VW is looking forward to upcoming artifical intelligence developments in management, expected to hit the market around 2030. But until then, new approaches in empathy and criticism will have to do.
Our Cofounder, Nora Heer’s latest post in Bilanz discusses addressing prevalent feedback problems. In light of the development of new management technology with decision making capabilities, she questions whether or not this level of leadership can really be supplemented with software.
This artificial super-intelligence is due to be released circa 2030, and promises to be advanced in decision making and management skills. This was announced in a lecture at Singularity University from Google development manager, Ray Kurzweil’s think-tank. The IT Manager of VW listened in along with international executives from Palo Alto, a somewhat ironic picture considering VW’s own software which recently duped the public into thinking their car emissions were significantly lower than they actually were. The concern then arises how such software capabilities will be used by organizations who could manipulate this capability for criminal activity.

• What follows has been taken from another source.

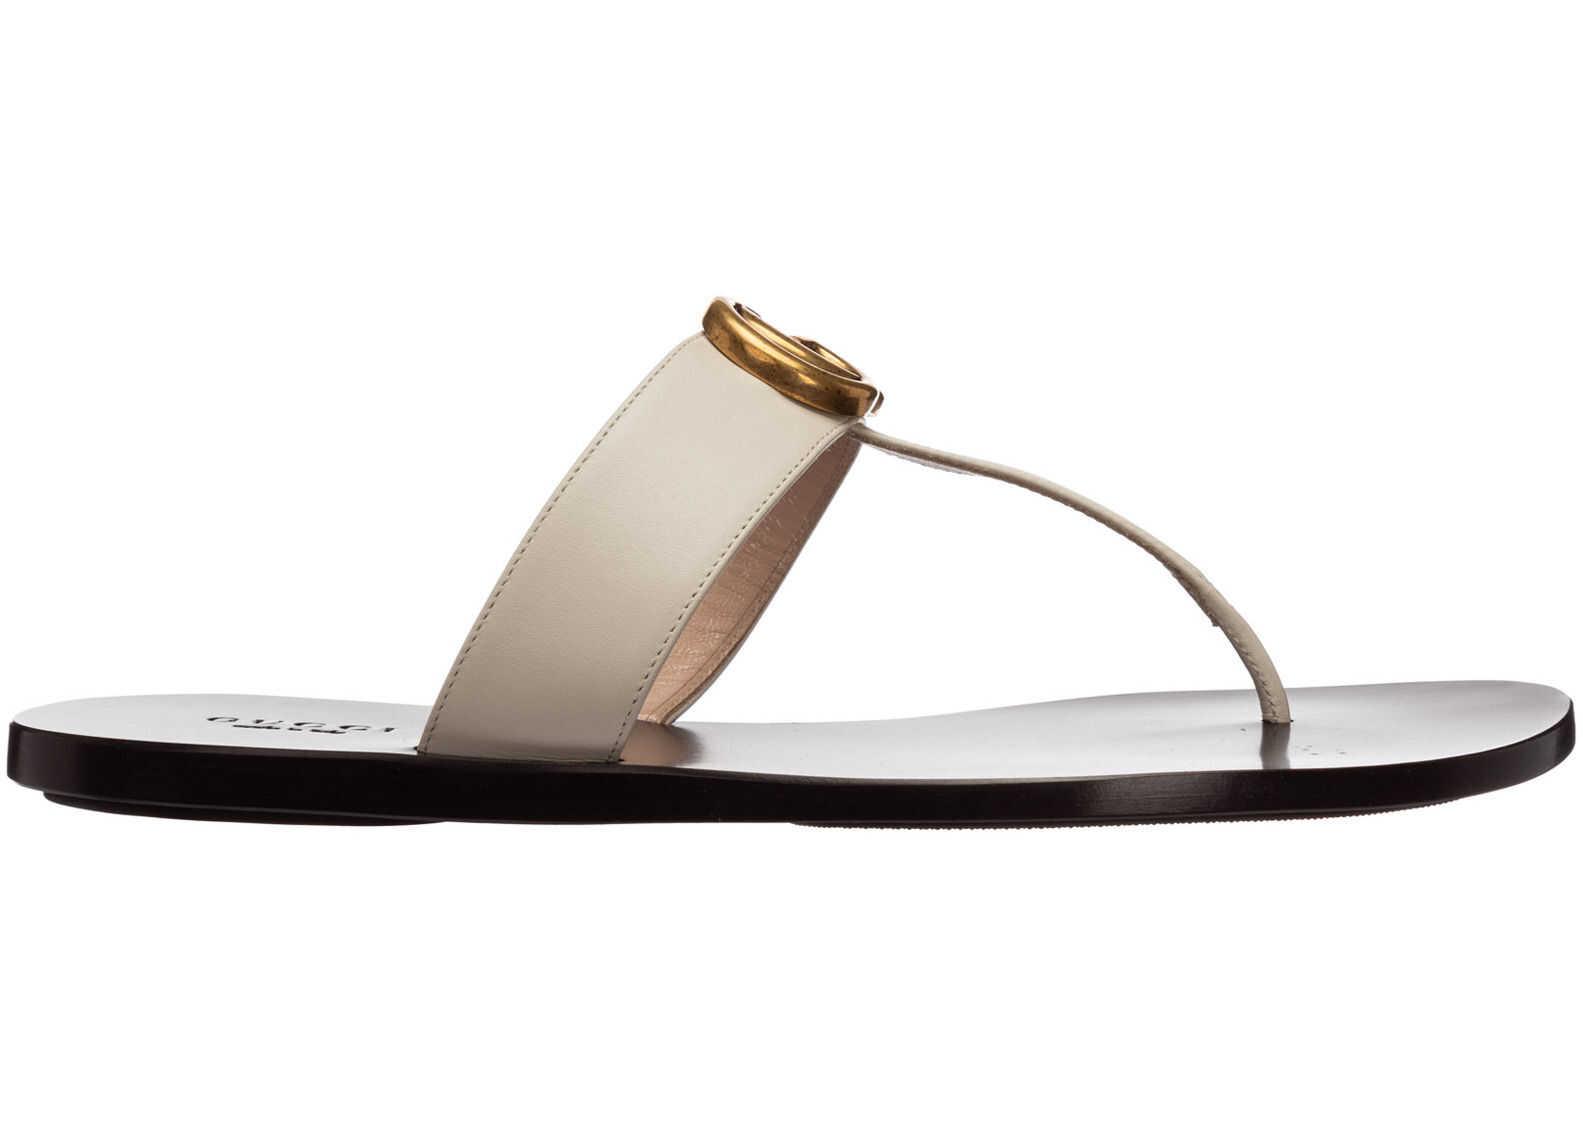 Gucci Flops Sandals 497444A3N009022 White imagine b-mall.ro

However, the core of the software is really addressing a primary feedback problem: becoming more clear. Kim Scott for example, a Google and Apple manager, trains management in guiding people effectively. Instead of critic coupled with pseudo-praise, feedback must be direct and very clear- a formula that allows colleagues to develop themselves in a consequent way.
If Rob Nail, Head of the Singularity University believes that 70 to 80 percent of the decisions he makes every day could also be made by an algorithm- the question at hand then becomes on which management model the algorithm is programmed. Hopefully it’s not false empathy.